The Japanese Pagoda Tree (Styphnolobium japonicum) is grown as an ornamental in the United Kingdom.

Most people grow this tree for its flowers. White cascades in summer. Pretty.

But in China and Korea, where it comes from, people eat it.

Not the flowers. Well, the flowers too. But mostly the young leaves. The tender shoots. Even the twigs.

They cook them with rice. Simple. Nutritious. They’ve been doing this for centuries.

Some regions take it further. They sun dry the shoots first. Then boil them multiple times to get the bitterness out. Takes patience. But it works.

There’s a home remedy too. Boil the twigs. Poach an egg in the liquid. Drink the broth, eat the egg. People believe it stops bleeding. Whether it does or not, they’ve been doing it long enough to keep doing it.

The flowers make tea. In Hong Kong, they’re the main ingredient in Five Flower Tea. It’s what you drink when summer gets too hot. The flowers add flavour. Delicate. Nothing heavy.

You can dry the leaves for tea as well.

Even the seeds get used. The endosperm inside—that’s the bit that feeds the growing seed—gets cooked with sugar in Northern China. Makes a sweet dessert. Popular one, apparently.

And there’s starch in the seeds.

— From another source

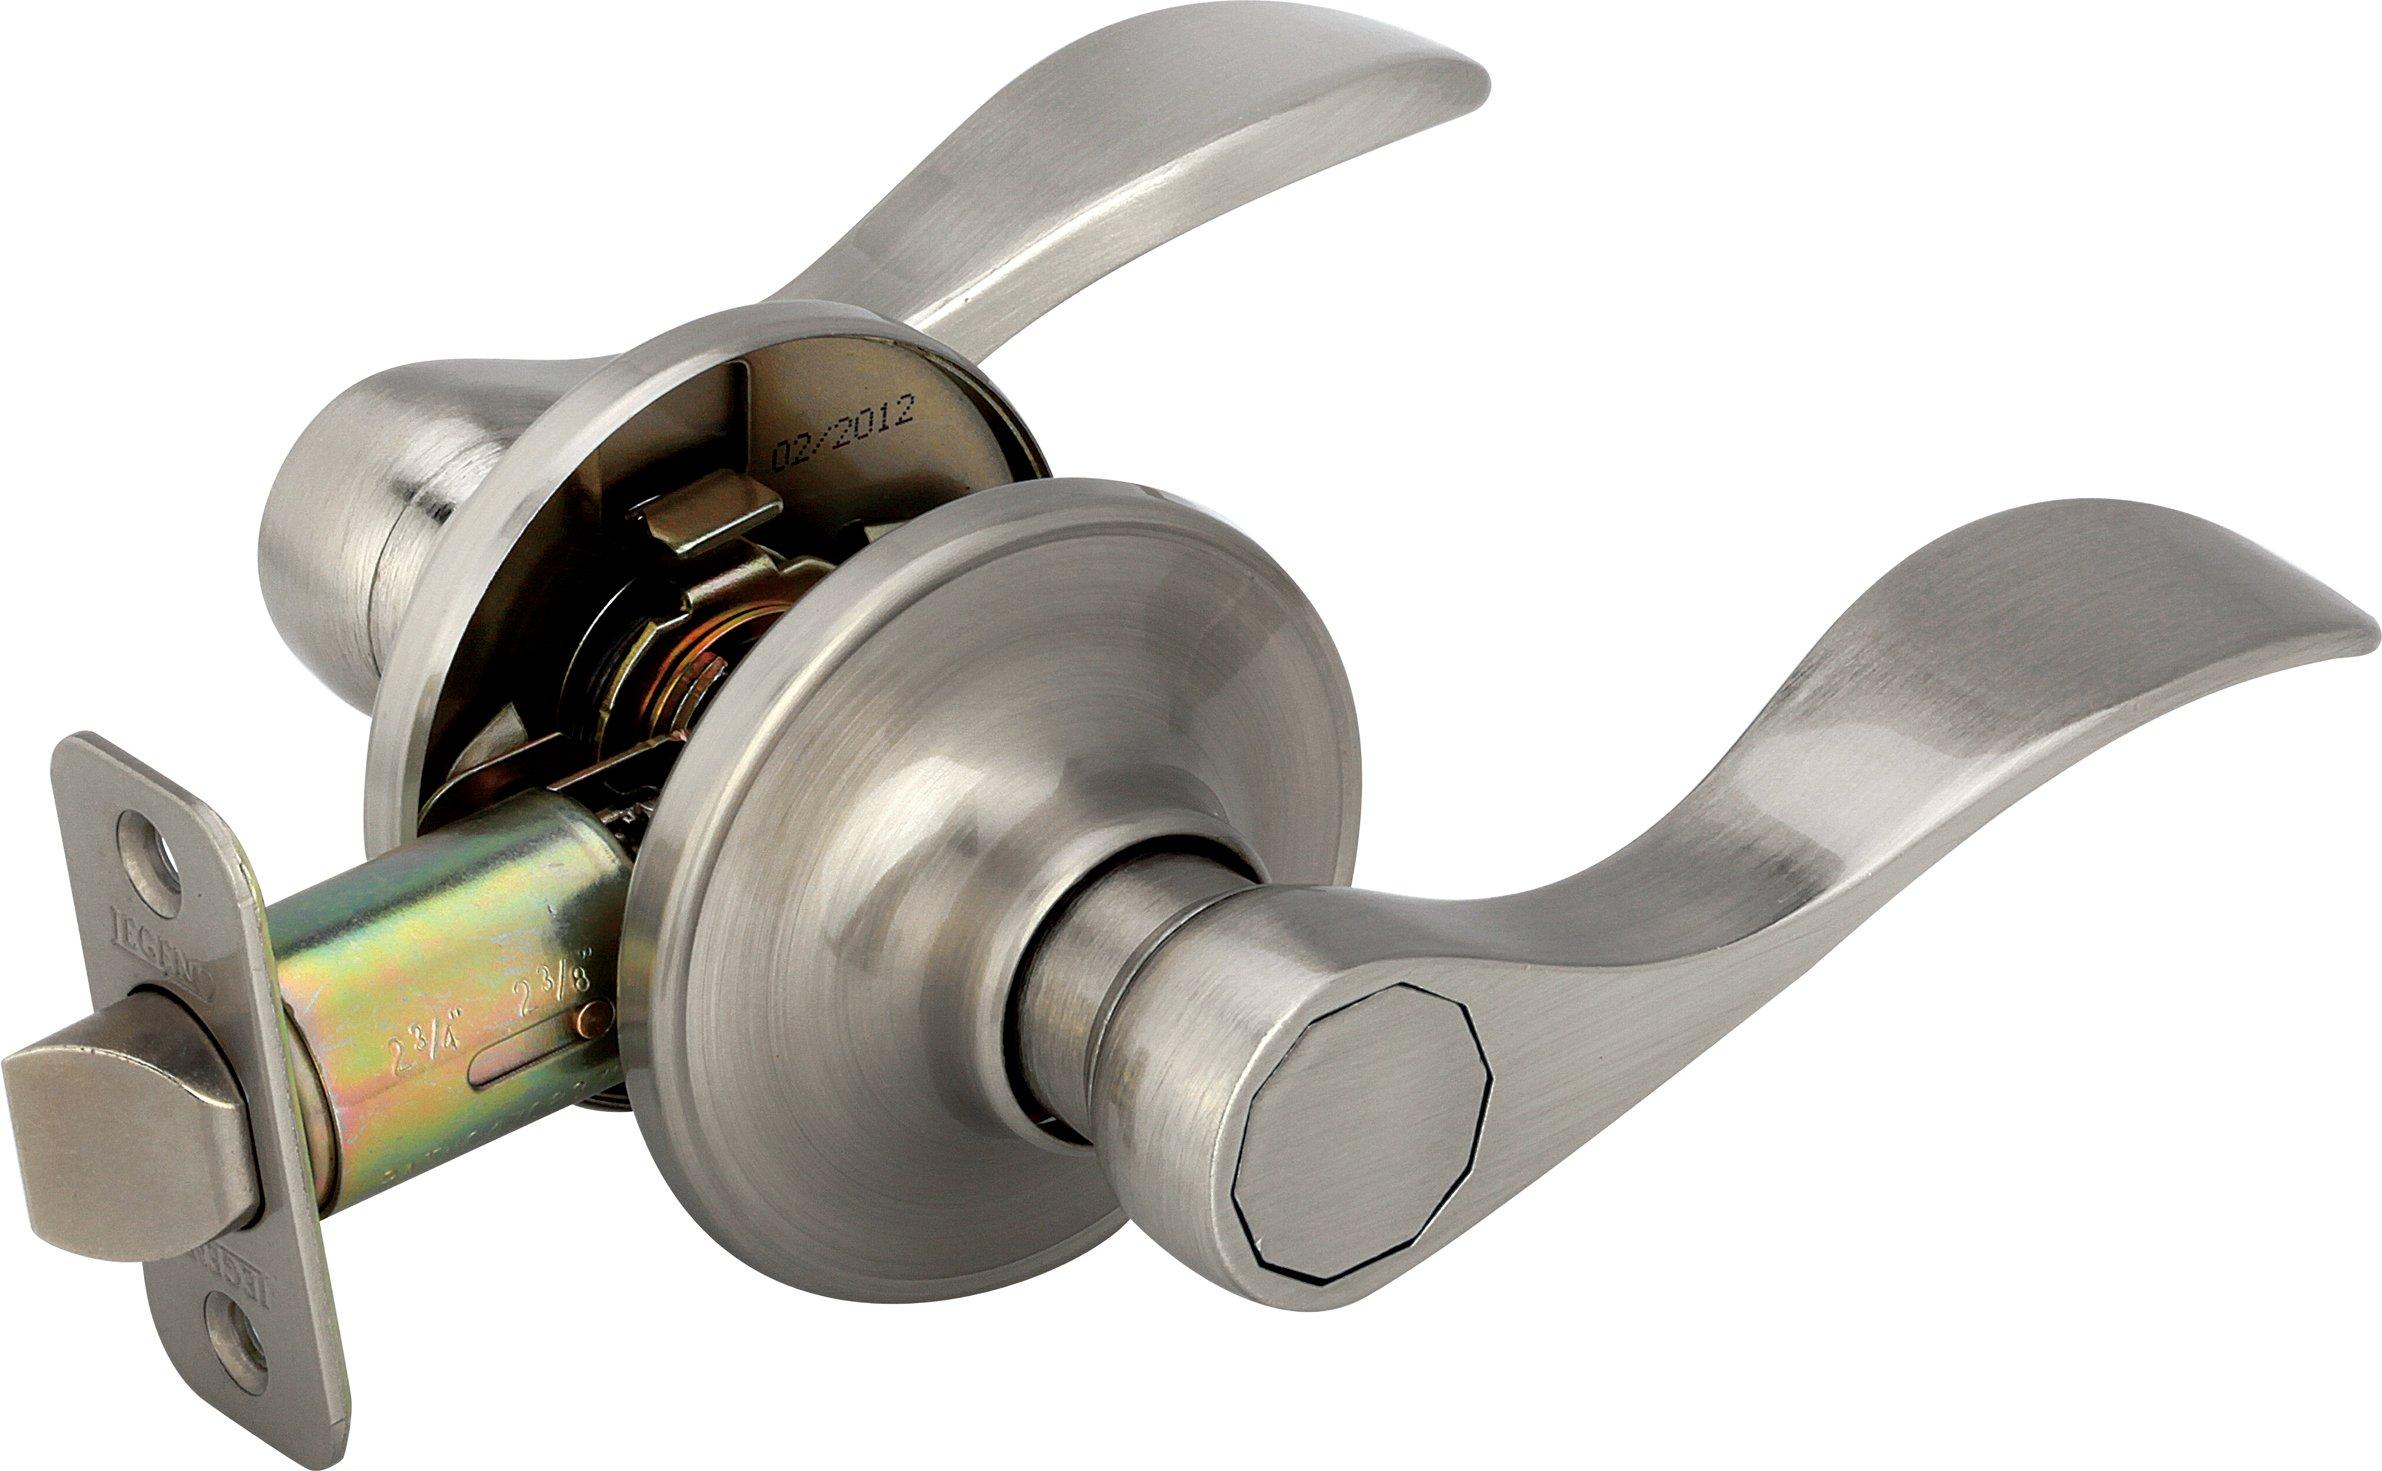 Legend 809124 Wave Style Lever Handle Passage Hall and Closet Leverset Lockset, US15 Brushed Nickel Finish

Edible. Another way to use them.

So here’s what’s interesting. We plant these trees in Britain. Purely ornamental. Nice to look at.

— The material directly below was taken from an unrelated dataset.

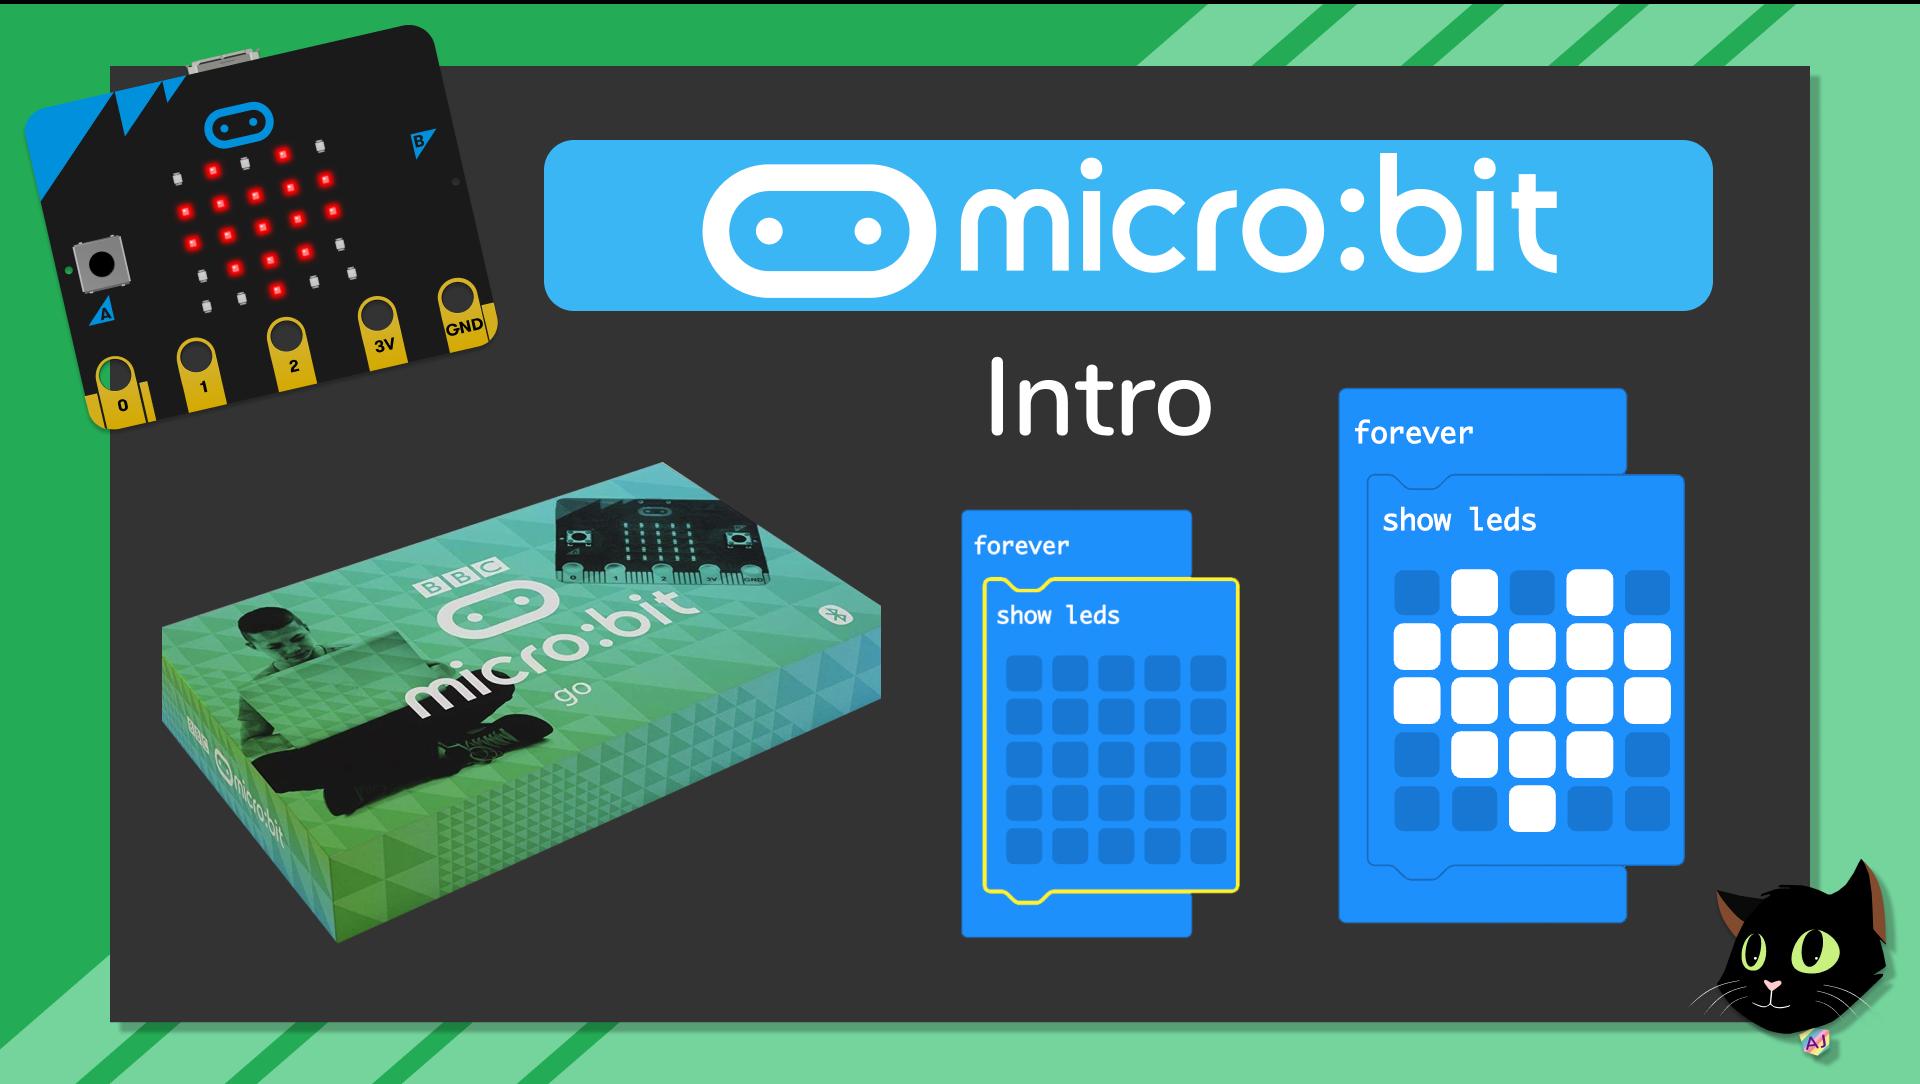 Microbit Intro

Meanwhile, the same tree has fed people for generations.

Not saying we should start eating ours. Just saying it’s worth knowing what something can do before we decide what it’s for.

Sometimes a tree is more than decoration.

References

Facciola, S. (1998). Cornucopia II: A source book of edible plants. Kampong Publications.

Hu, S. (2005). Food Plants of China. Chinese University Press.

Kunkel, G. (1984). Plants for Human Consumption: An Annotated Checklist of the Edible Phanerogams and Ferns. Koeltz Scientific Books.

Madden, E., McLachlan, C., Oketch, Rabah, H., & Calderón, A. I. (2022). United States Pharmacopeia comprehensive safety review of Styphnolobium japonicum flower and flower bud. Phytotherapy Research, 36(5), 2061–2071.

Read, B. E. (1946). Famine Foods Listed in the Chiu Huang Pen Ts?ao: Giving Their Identity, Nutritional Values and Notes on Their Preparations. Henry Lester Institute of Medical Research.

Uphof, J. C. T. (1959). Dictionary of Economic Plants. H.R. Engelmann.